# Swapping seat bottoms?



## Giacobazzi (Aug 22, 2012)

Has anyone swapped the seat bottoms on the front seats? The passenger seat is so pristine and the drivers shows some wear, it would be nice to swap them!



Giaco


----------



## smitty2919 (Jan 24, 2012)

Take the seat out but don't unplug the airbag connection or you will need to go to a dealer and have them turn the airbag fault light off which they will prob charge you for. take the seat apart and remove the bottom upholstery, replace with new one and reverse process.


----------



## Giacobazzi (Aug 22, 2012)

smitty2919 said:


> Take the seat out but don't unplug the airbag connection or you will need to go to a dealer and have them turn the airbag fault light off which they will prob charge you for. take the seat apart and remove the bottom upholstery, replace with new one and reverse process.

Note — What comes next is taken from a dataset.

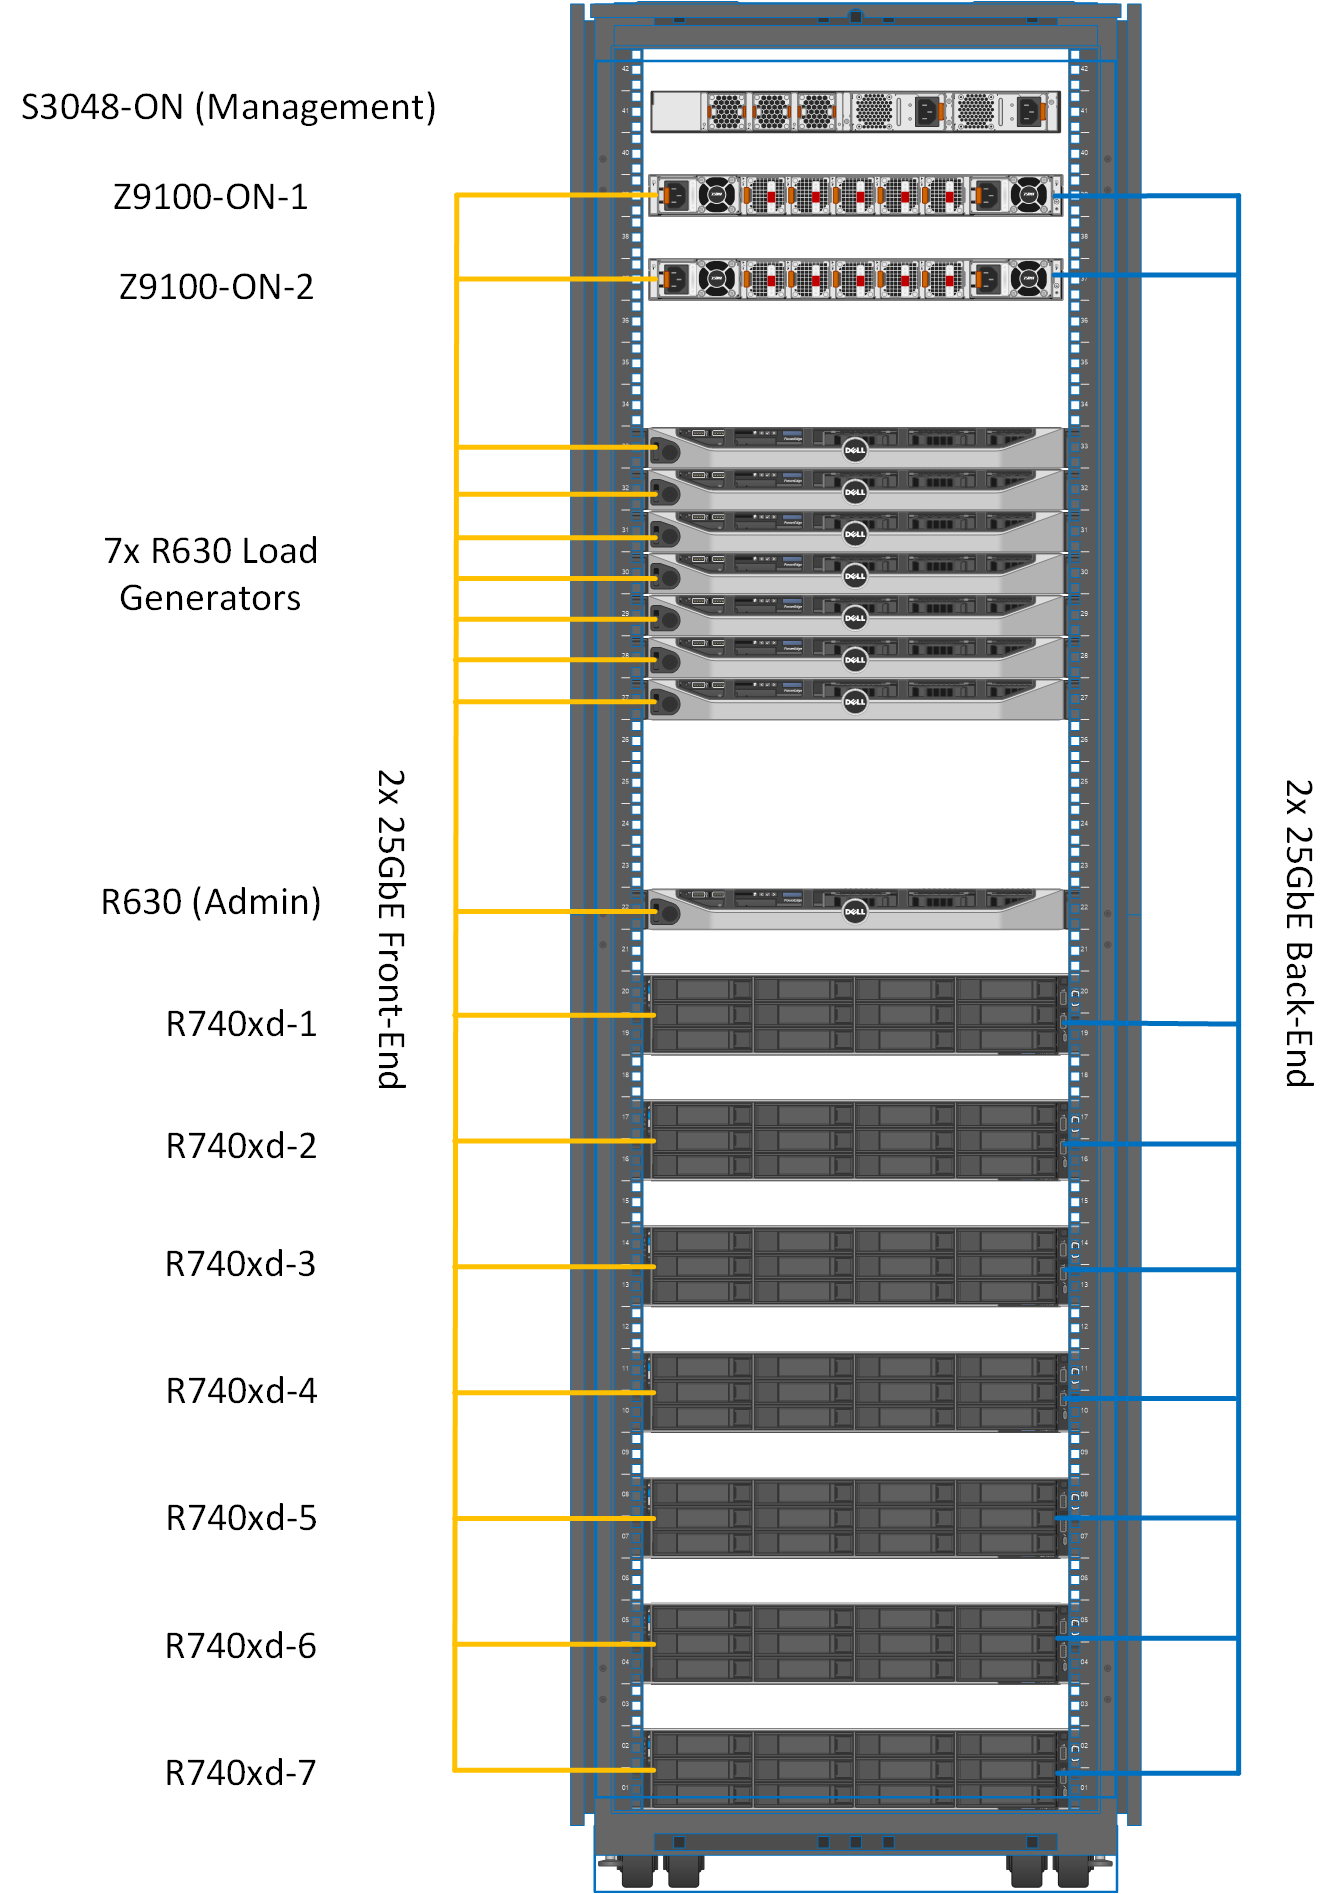 Figure 1: Lab Rack Design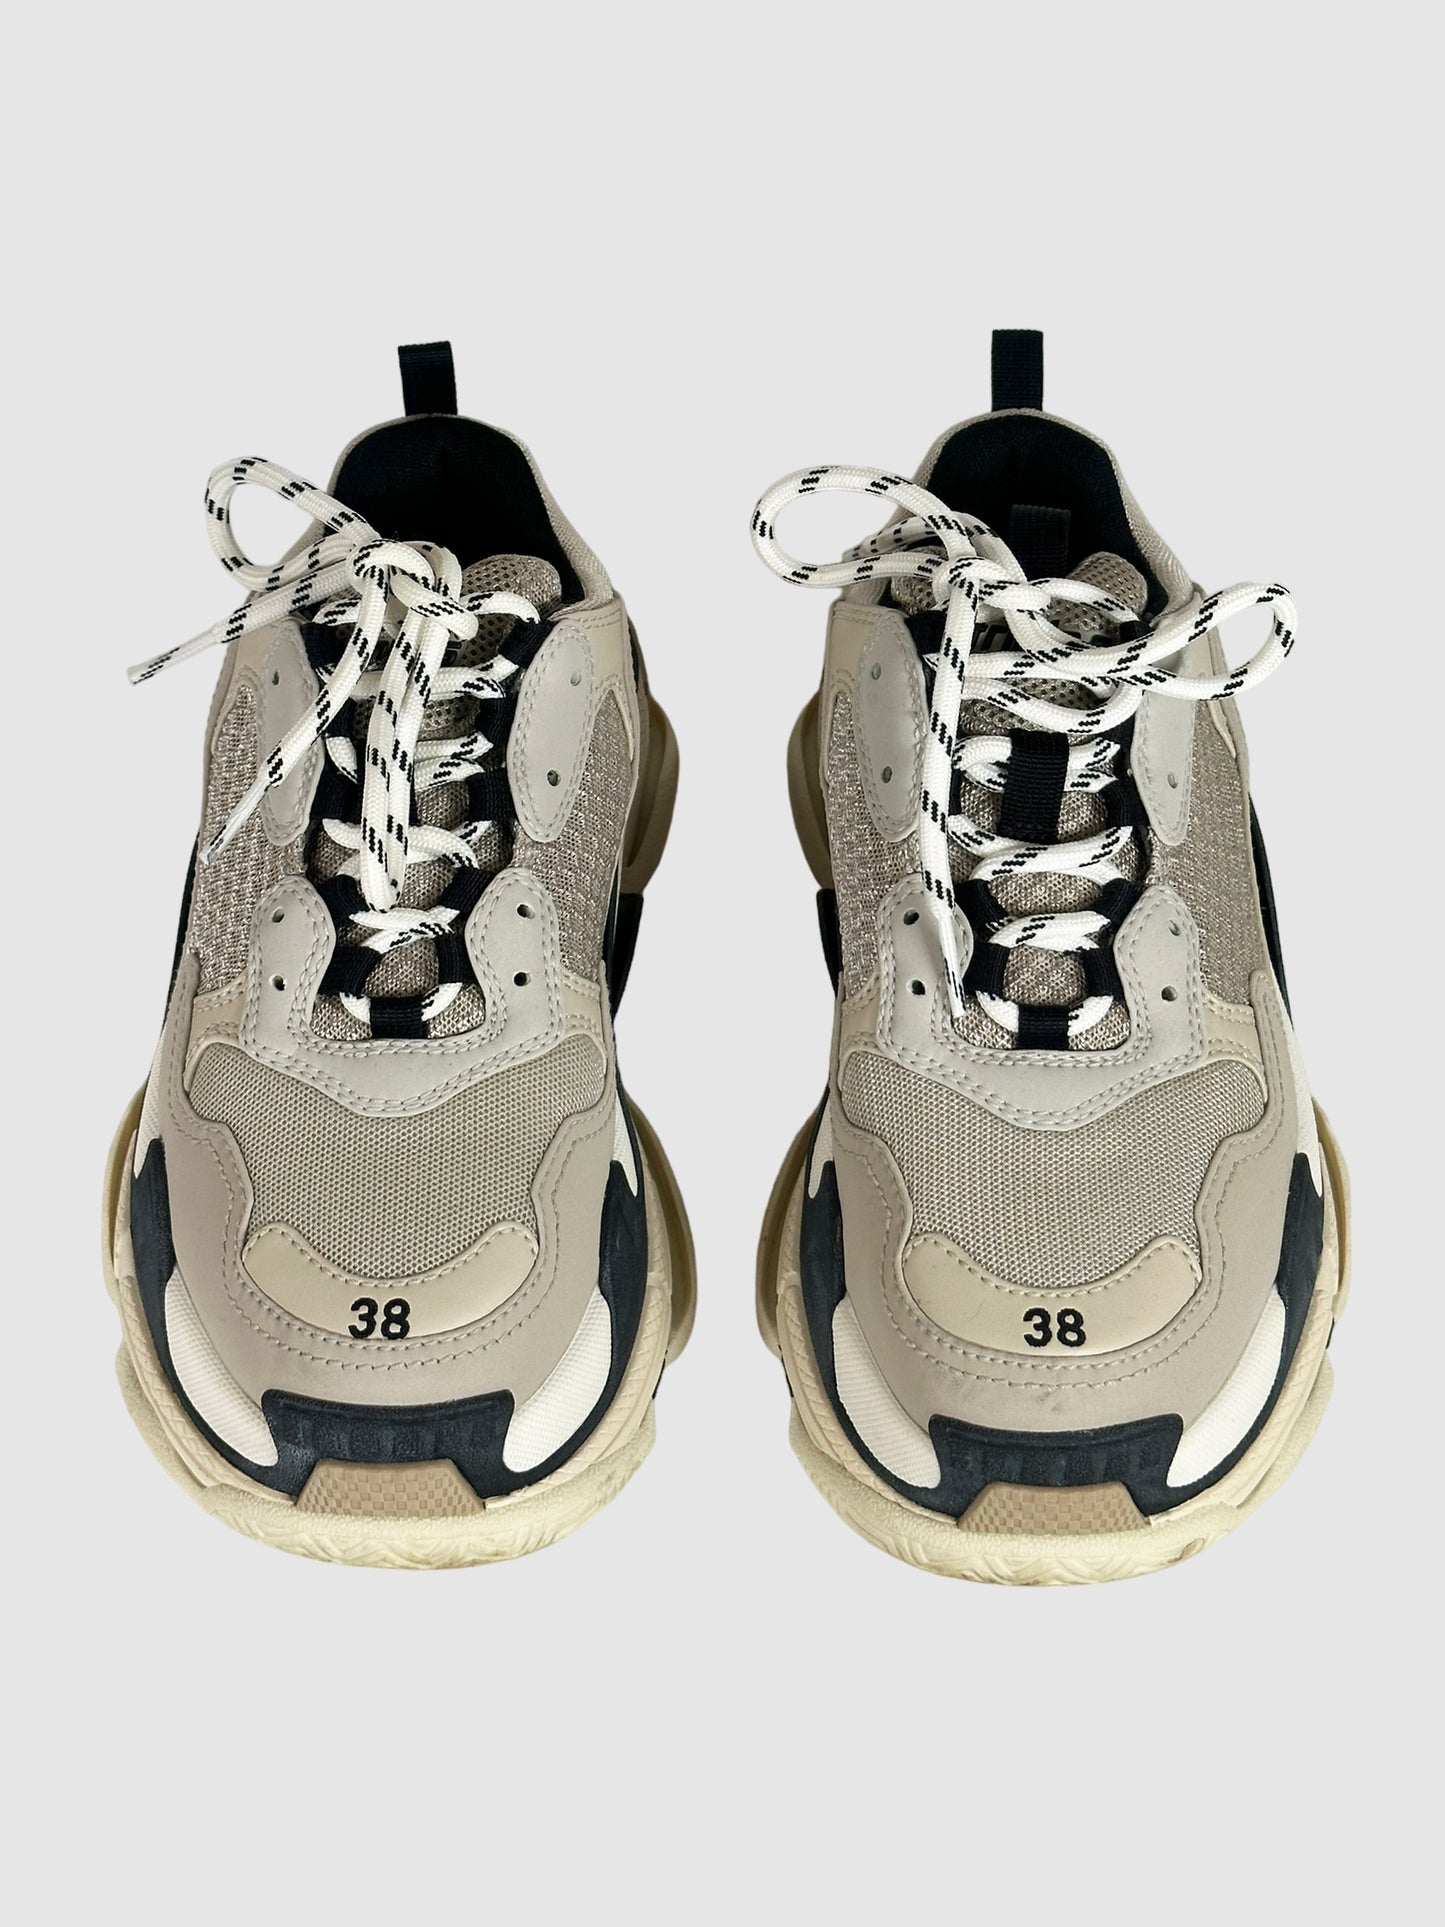 Balenciaga Triple S Chunky Sneakers - Size 38

I didn't realize the seats had side airbags. So what you are saying is to just pull off the bottom leather cover and swap?


----------



## jpalamar (Jul 22, 2008)

I don't see any reason why you couldn't... but don't know why you would.


----------



## smitty2919 (Jan 24, 2012)

The seats don't have airbags, they have a harness that has to do with the airbags. I believe it attaches to the seat.

So in order to remove the seat you have to detatch the airbag harness from the seat but don't unplug it. Then you can remove the seat.

Passenger seat removal without Air Bag light - LS1GTO.com Forums


----------